Si la femme peut être fécondée, en cas d'incertitude avec risque de grossesse, la pilule du lendemain est très efficace (très dosée en oestrogène).
e - Les D.I.U : les stérilets contiennent du cuivre et parfois de la progestèrone qui entraînent un effet spermicide, des troubles de la contractilité tubaire et utérine et des anomalies endométriales empêchant la nidation. L'efficacité est bonne (2 à 4% A.F.). Les risque encourus sont : les incidents lors de la mise en place (choc vagal, douleur, perforation, hémorragies) et secondairement les risques infectieux et d'expulsion. Le stérilet ne prévient pas de la grossesse extra-utérine.
Indications et contre-indications
Indications
La contraception, et surtout la pilule, permet d'accéder à une sexualité libre et harmonieuse sans la peur de la grossesse, à une régulation adéquate des naissances. La contraception permet de faire de la maternité un acte volontaire, désiré, conscient et responsable.
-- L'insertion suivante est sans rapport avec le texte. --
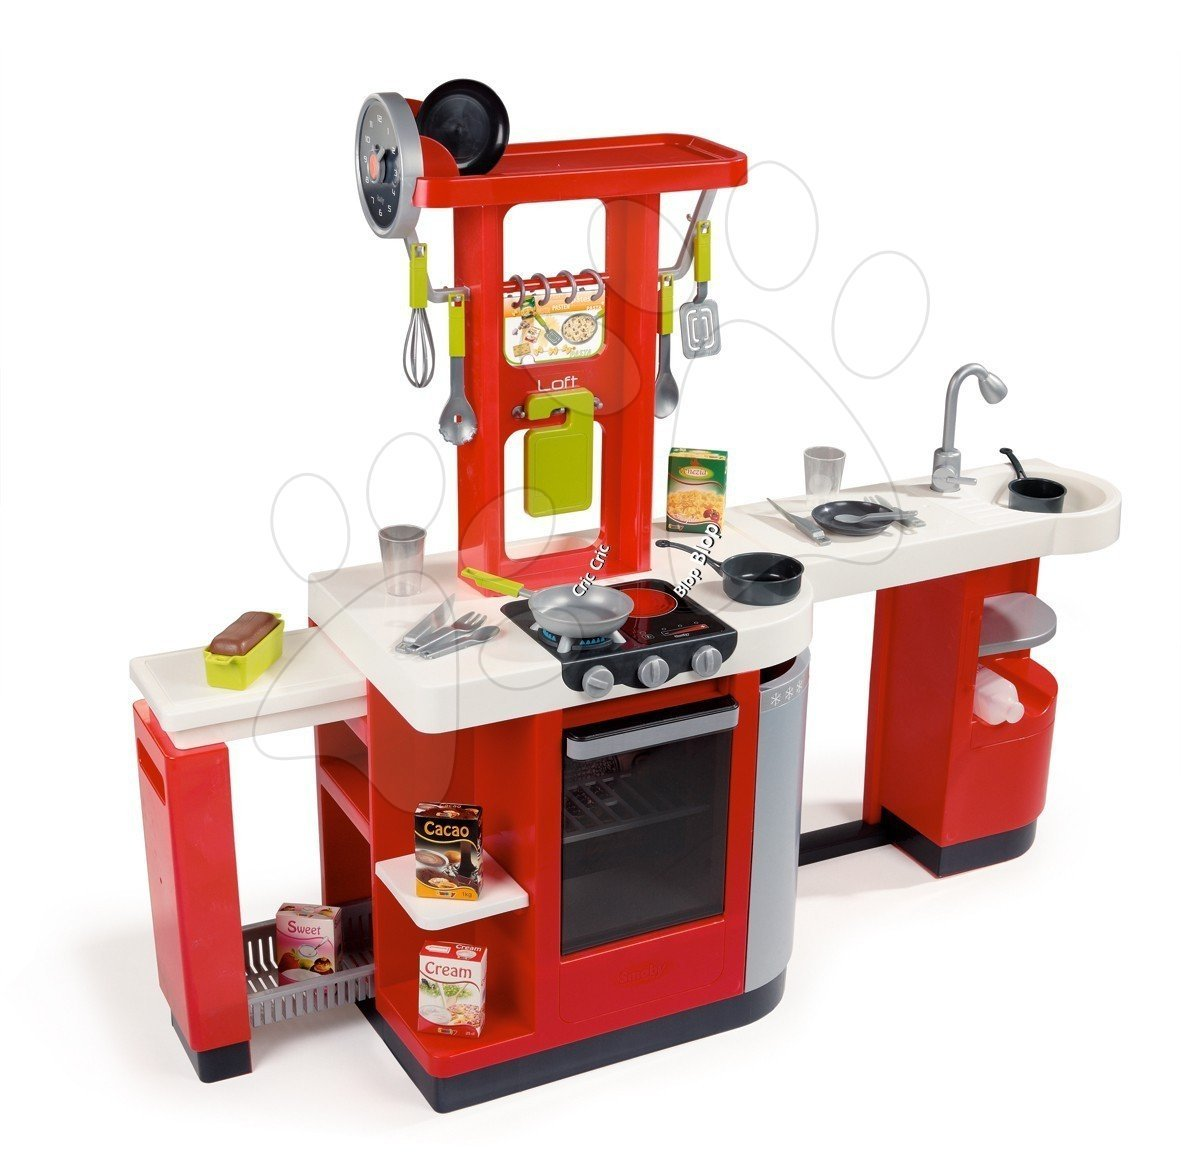 Kuchyňka Loft 4v1 Smoby elektronická červená se zvuky a 25 doplňků

La contre-indication médicale à la grossesse impose le recours à des méthodes plus définitives (ligatures des trompes).
Contre-indications
Pour le coït interrompu : l'éjaculation précoce
Pour l'abstinence périodique : cycles irréguliers
Pour le diaphragme : réticences psychologiques, trouble de la statique utérine
Pour les stérilets : Infections génitales, cavité utérine de grande taille, la nulliparité, les antécédents de grossesse extra-utérine, les polypes et les fibrômes, les contre-indications absolues : la grossesse en cours, les infections en cours, suspicion de cancer génital, maladies hémorragiques et traitements anti-coagulants. Il faut être vigilent lors de la mise en place de traitement antibiotiques et anti-inflammatoires qui diminuent l'efficacité du stérilet.
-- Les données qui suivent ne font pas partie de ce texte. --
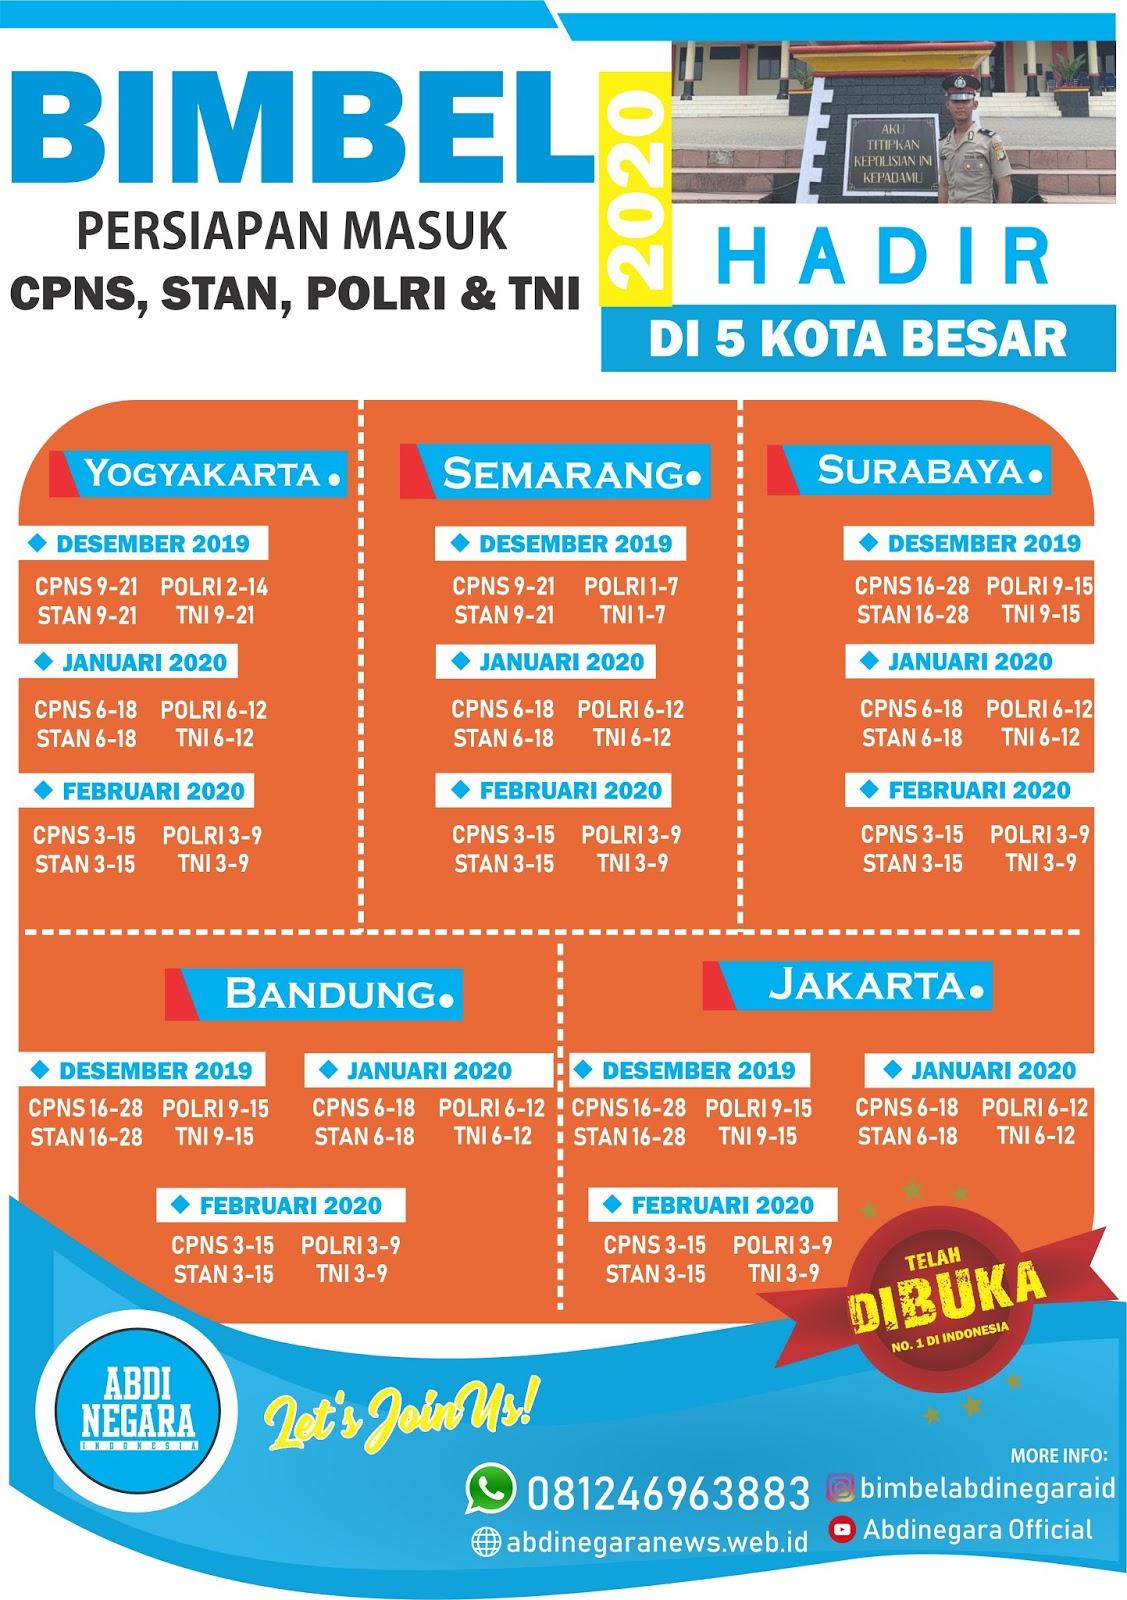 Bimbel CPNS STAN TNI Polri

Pour la pilule oestroprogestative : antécédents thrombo-emboliques et cardiovasculaires, H.T.A., anomalies métaboliques (dyslipidémies, diabète), cancer hormono-dépendants, fibrômes, tabagisme important après 35 ans, comitialité, antécédents hépatiques et attention aux interactions médicamenteuses (les médicaments ayant une activité d'induction hépatique qui réduit l'activité des oestroprogestatifs et les barbituriques, certains anti-convulsivants et certains antibiotiques comme la Rifampicine).
Prescription
Un bilan régulier est nécessaire et obligatoire. Apprenez à rechercher les motivations, à connaître le comportement psychologique et sexuel. Un examen clinique complet et des examens biologiques doivent être pratiqués, profitez-en pour faire les frottis. Le bilan et la prescription sont à confier à un spécialiste. Profitez de ce type de consultation pour faire de l'information sexuelle et de la prévention dans le domaine de la lutte contre les cancers génitaux et des seins, et contre le SIDA et les MST.
Le préservatif :
Le Docteur Jacques Waynberg a réalisé une vidéo pour une information à usage privé ou institutionnel (pour se la procurer : écrire à Institut de Sexologie, 57 rue Charlot, Paris 3).
Les conseils du Dr Waynberg : 1) Essayer de rester en érection ; 2) avoir plus d'un préservatif sur soi et en permanence ; 3) Ne l'ouvrir que juste avant le rapport ; 4) Vérifier le sens de déroulement entre le pouce et l'index ; 5) Ecraser l'air qui se trouve dans le petit réservoir ; 6) Dérouler avec les deux mains ; 7) Lubrifier obligatoirement le préservatif et le sexe ou l'anus du ou de la partenaire ; 8) Vérifier que vous n'êtes pas en train de perde votre préservatif ; 9) L'enlever immédiatement après le rapport et se laver ; 10) Ne pas le jeter n'importe où.